===== INFORMATION SHOWN =====
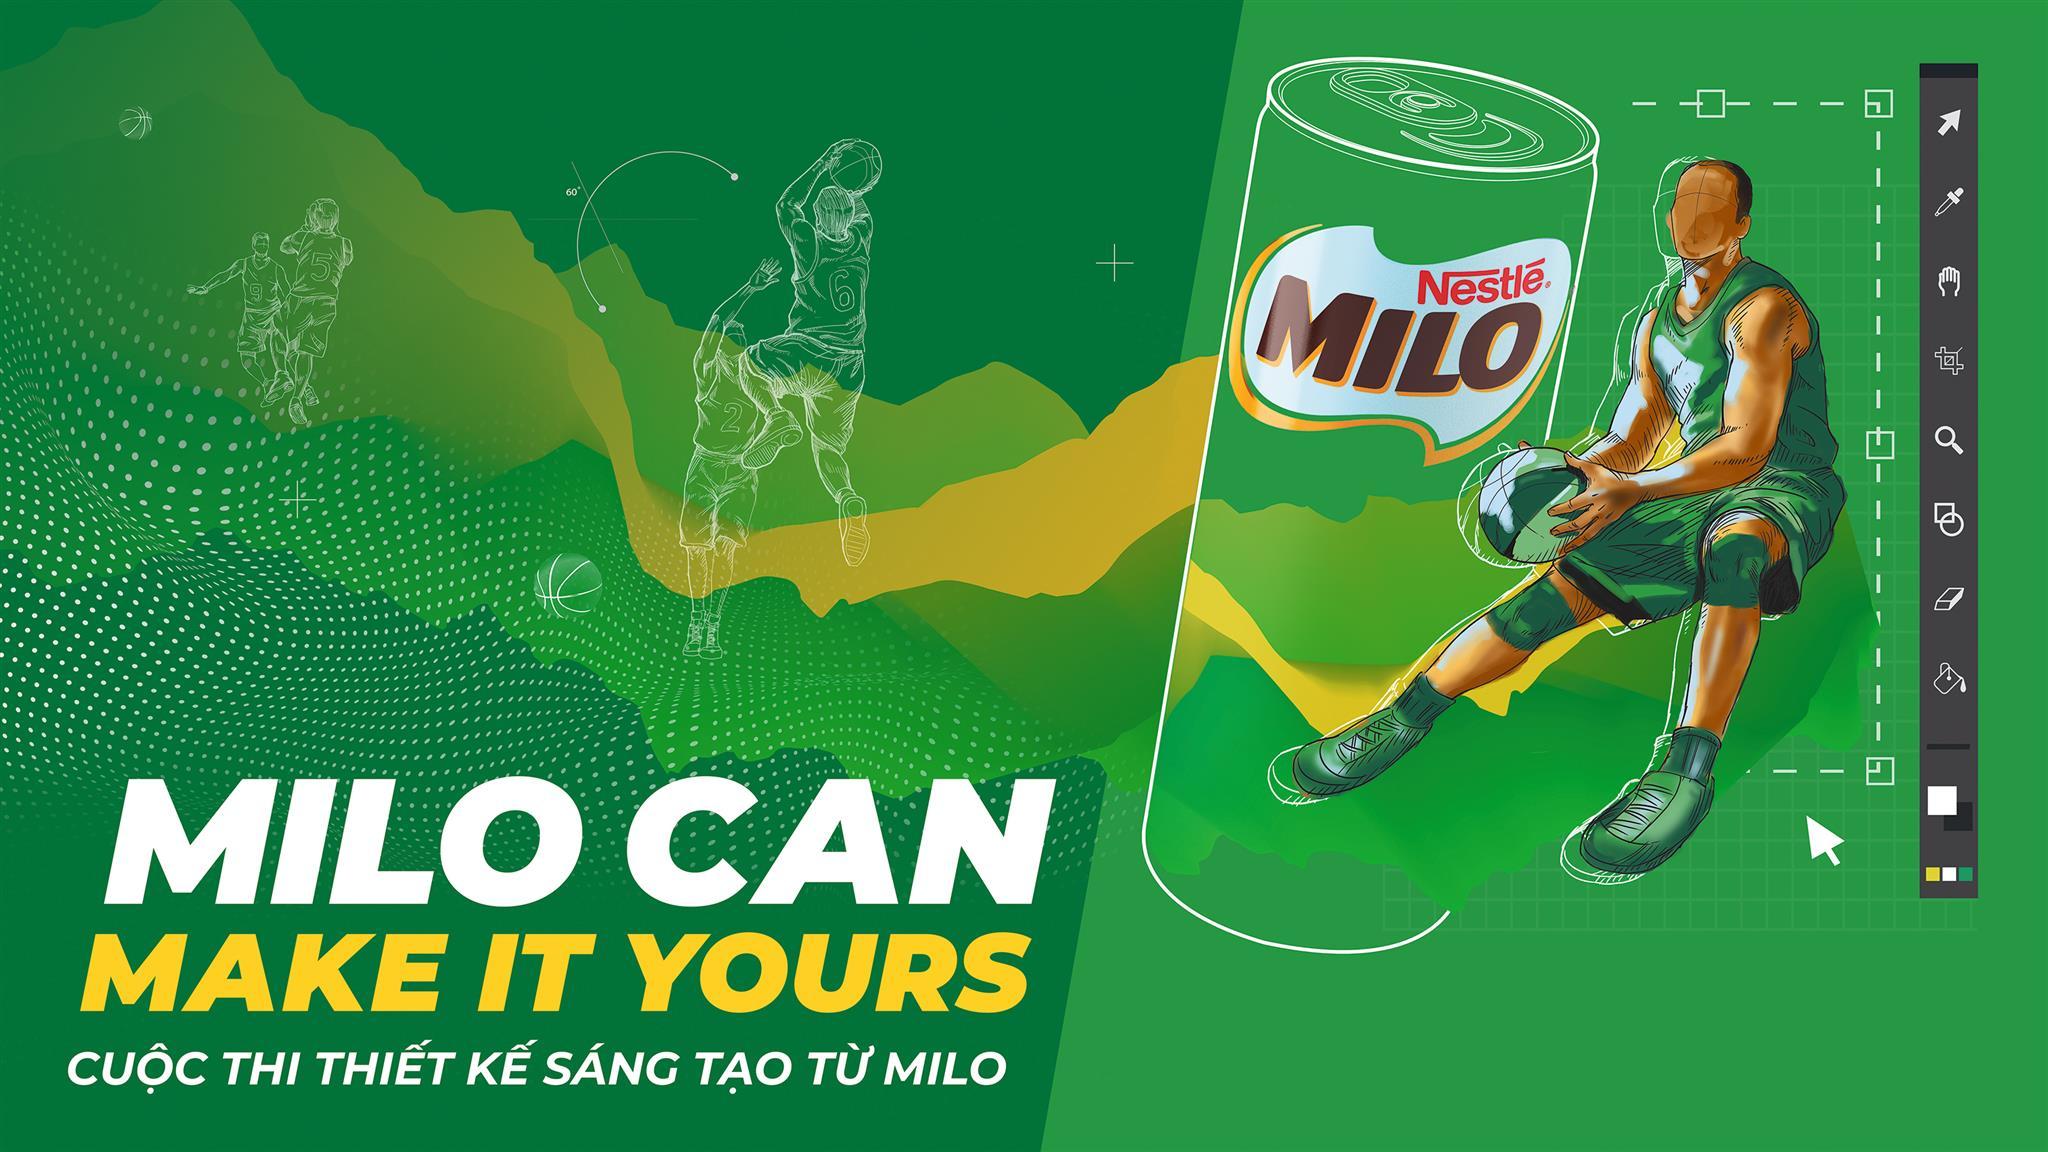 """Top 12 cuộc thi """"Milo Can Make It Yours"""" đã lộ diện: Toàn những gương mặt cá tính, tài cao! - Ảnh 19."""
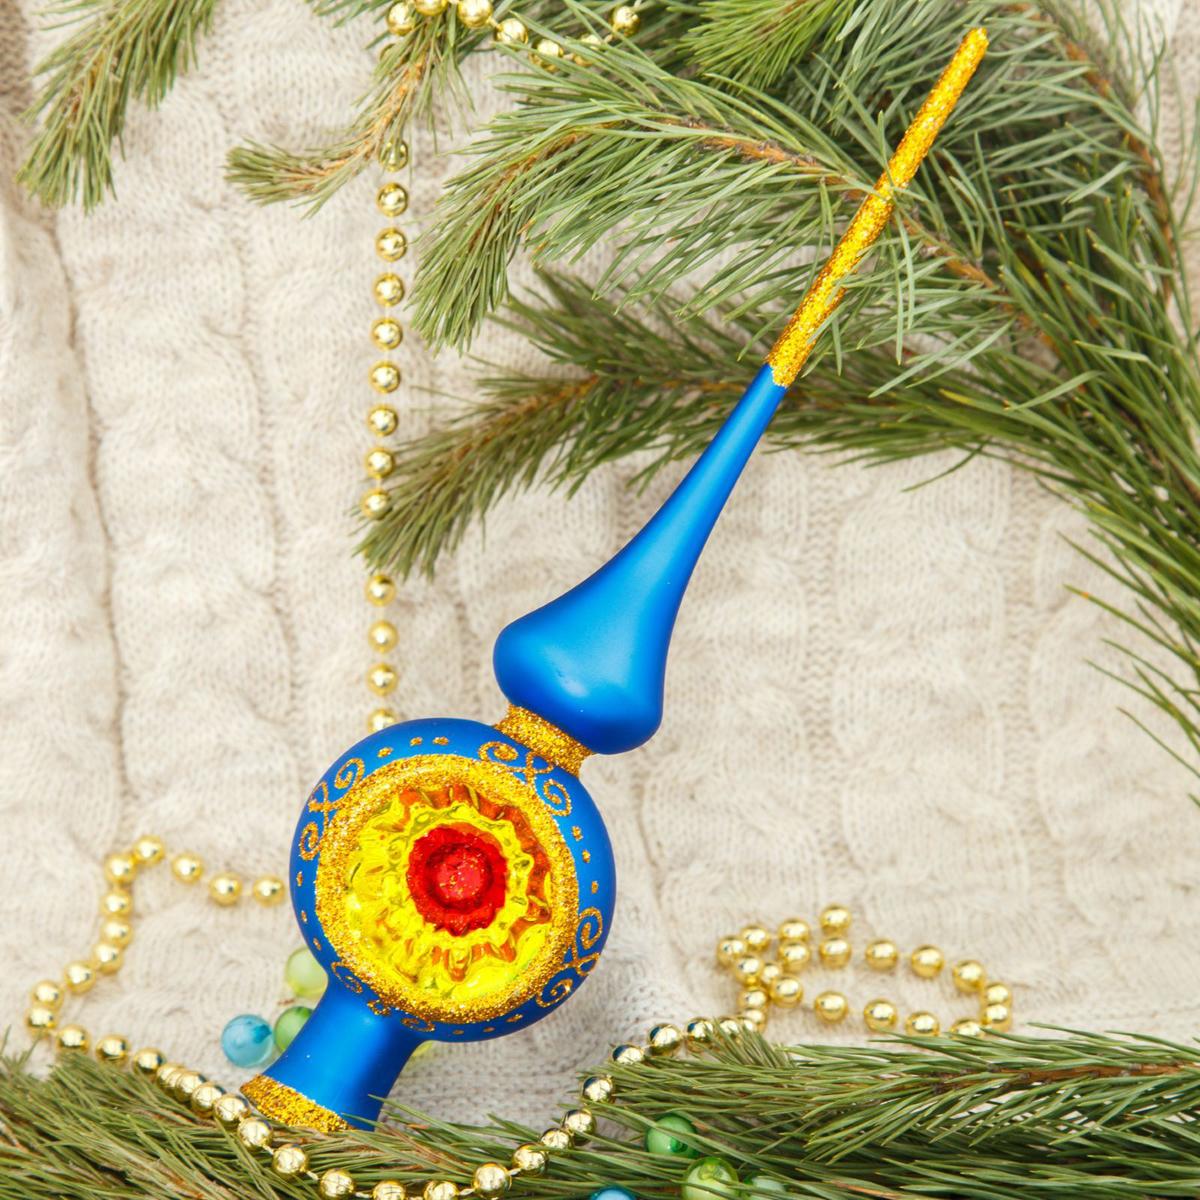 Макушка на елку Ёлочка Искристая, 27,5 см2564806Невозможно представить нашу жизнь без праздников! Мы всегда ждём их и предвкушаем, обдумываем, как проведём памятный день, тщательно выбираем подарки и аксессуары, ведь именно они создают и поддерживают торжественный настрой.
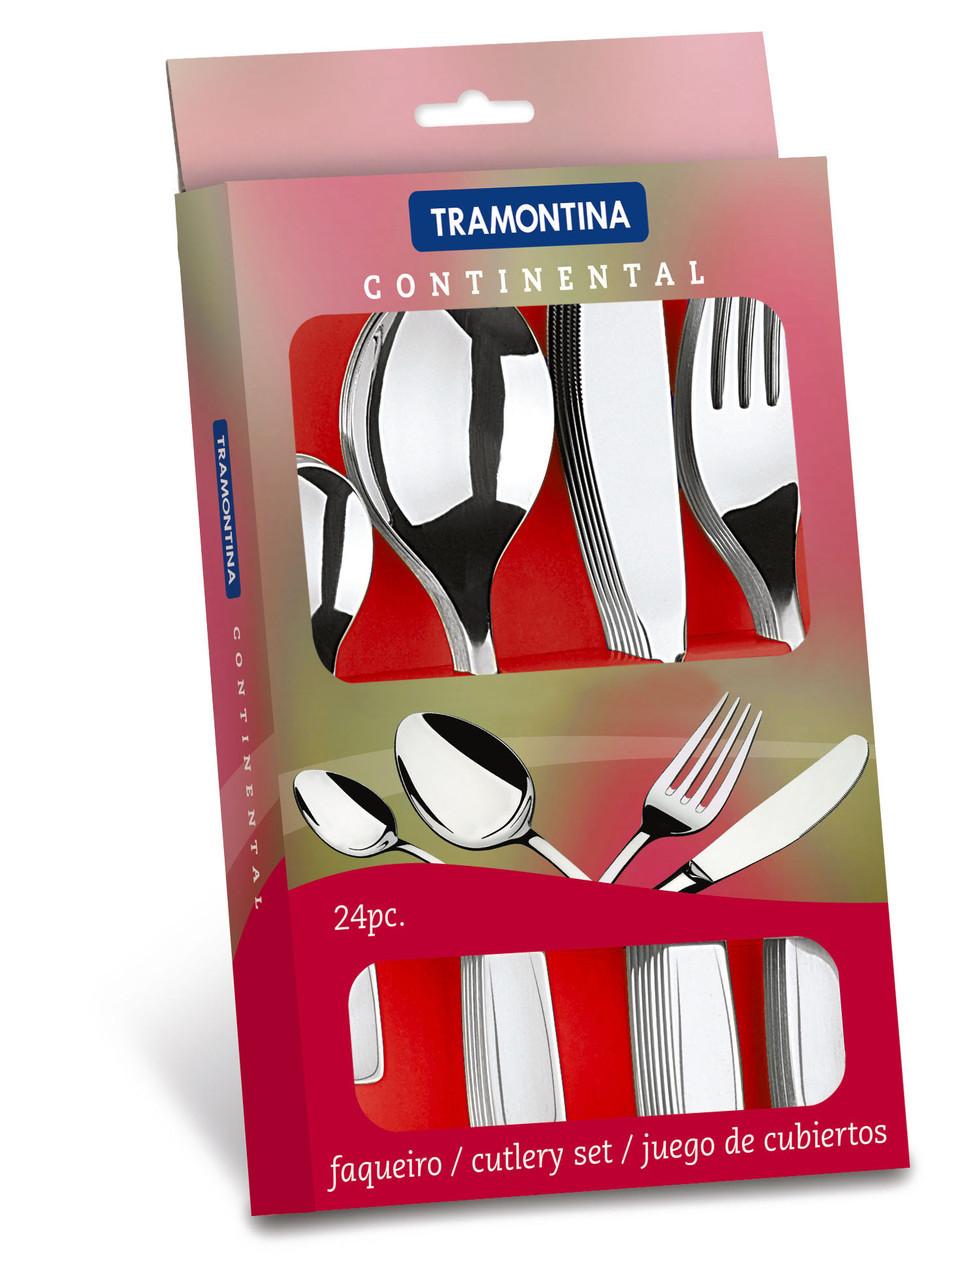 Набор столовых приборов 4 предмета 24 шт 66965/620 Continental Tramontina
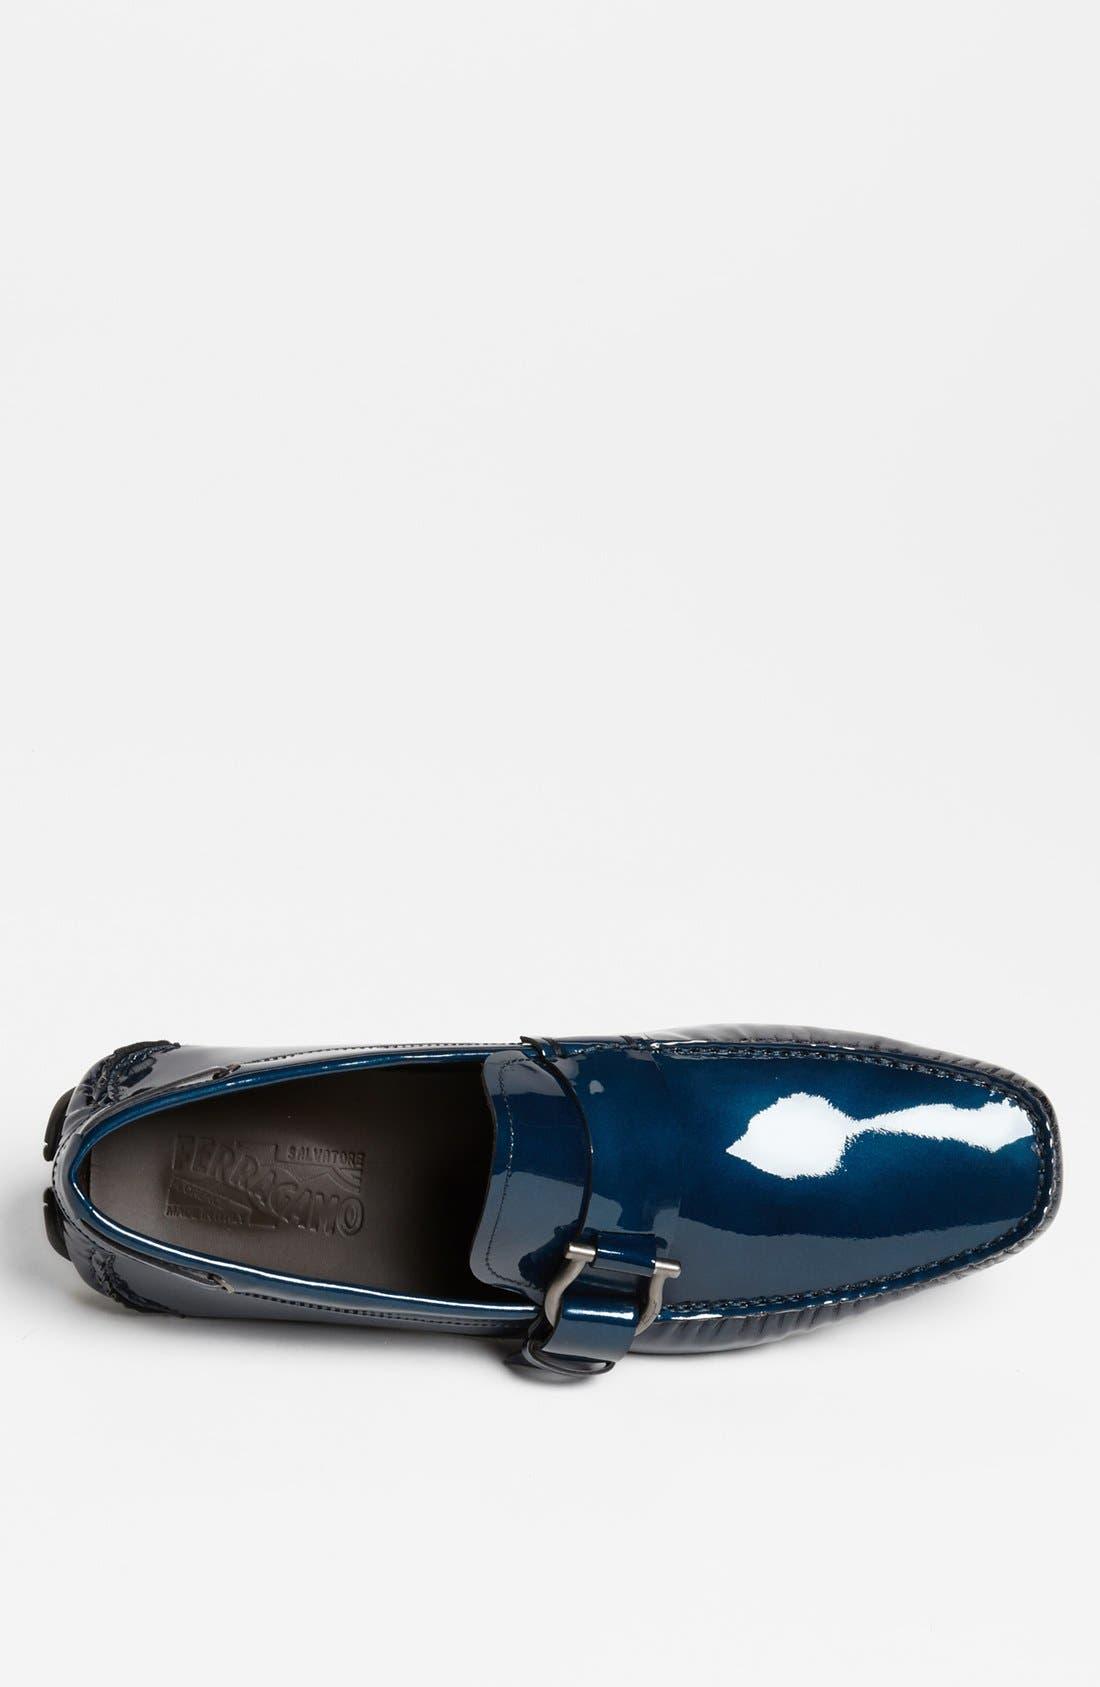 Alternate Image 3  - Salvatore Ferragamo 'Cabo' Driving Shoe
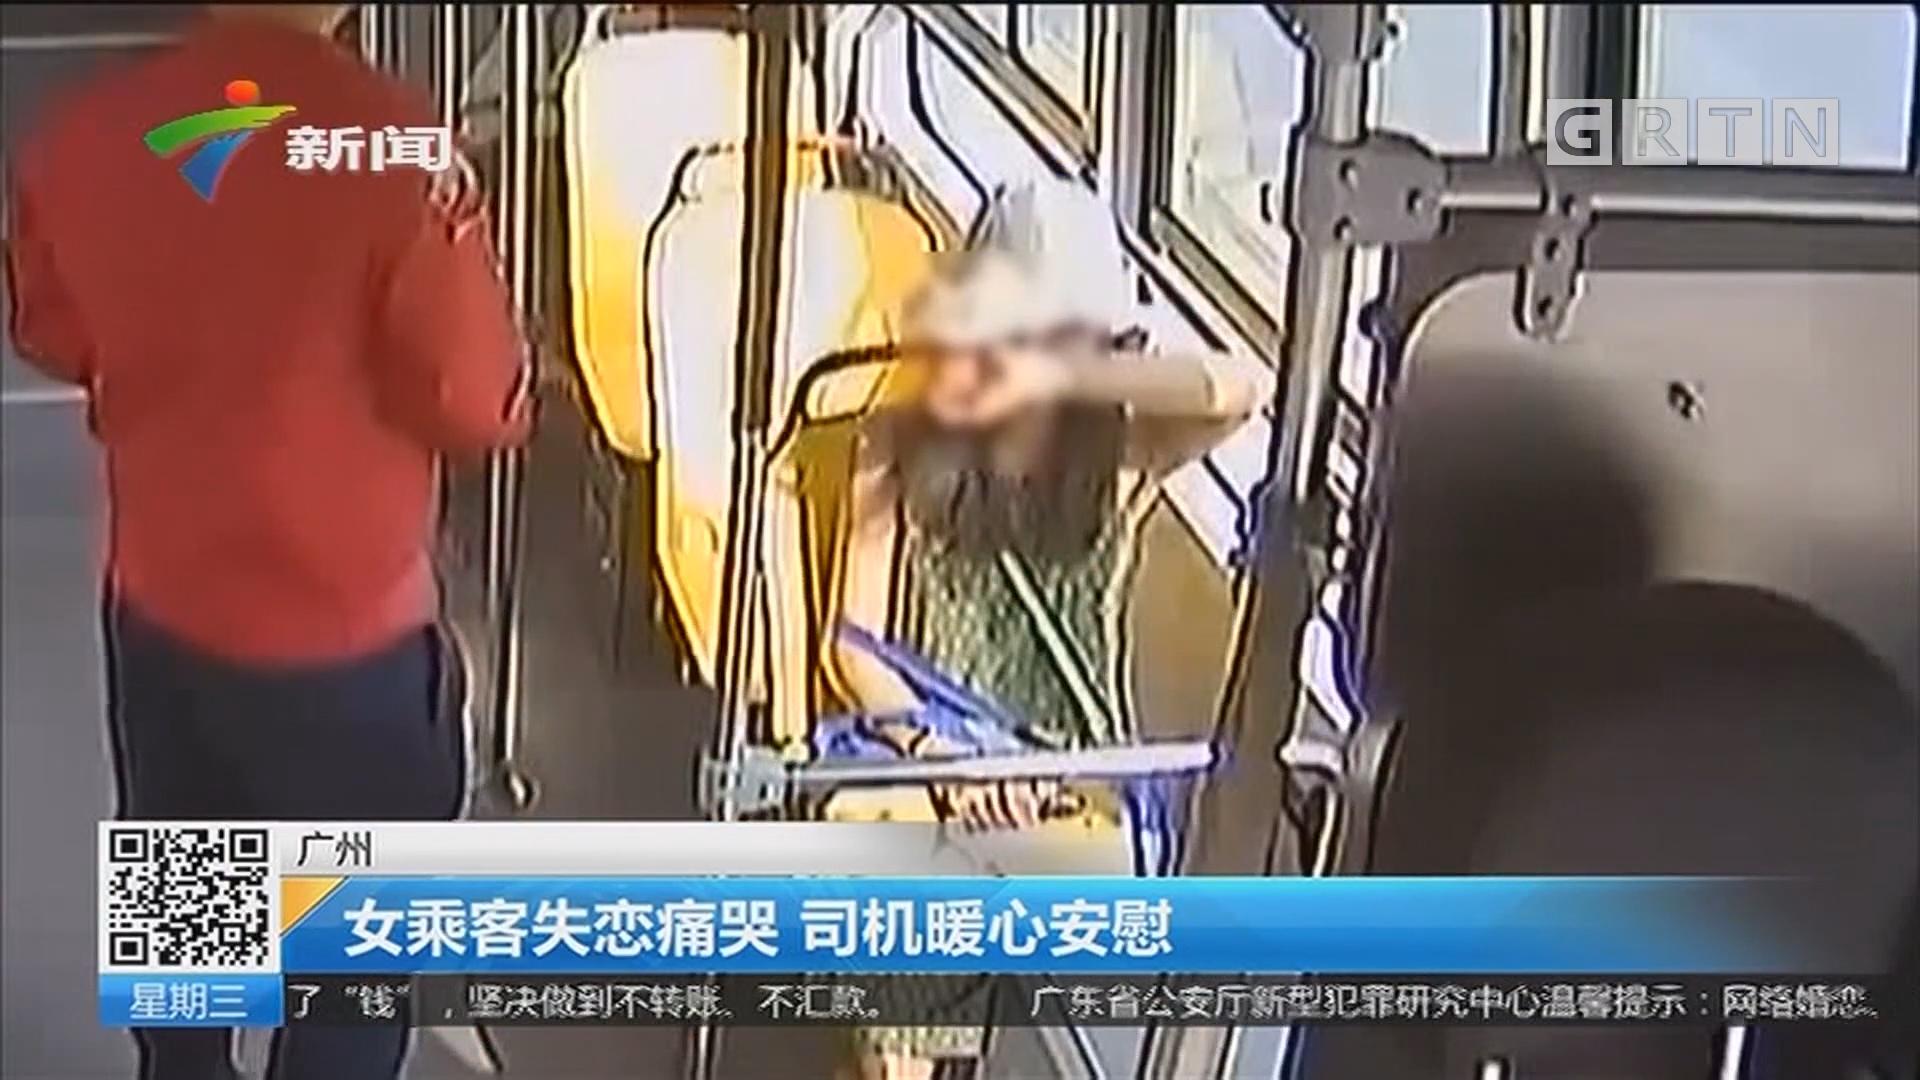 广州:女乘客失恋痛哭 司机暖心安慰
=====
What you write must match, line for line, the records from the line containing "Набор столовых приборов" through the last line, with every picture left out.

 Набор столовых приборов 4 предмета 24 шт 66965/620 Continental Tramontina
 Alternate Image 3  - Salvatore Ferragamo 'Cabo' Driving Shoe
 广州:女乘客失恋痛哭 司机暖心安慰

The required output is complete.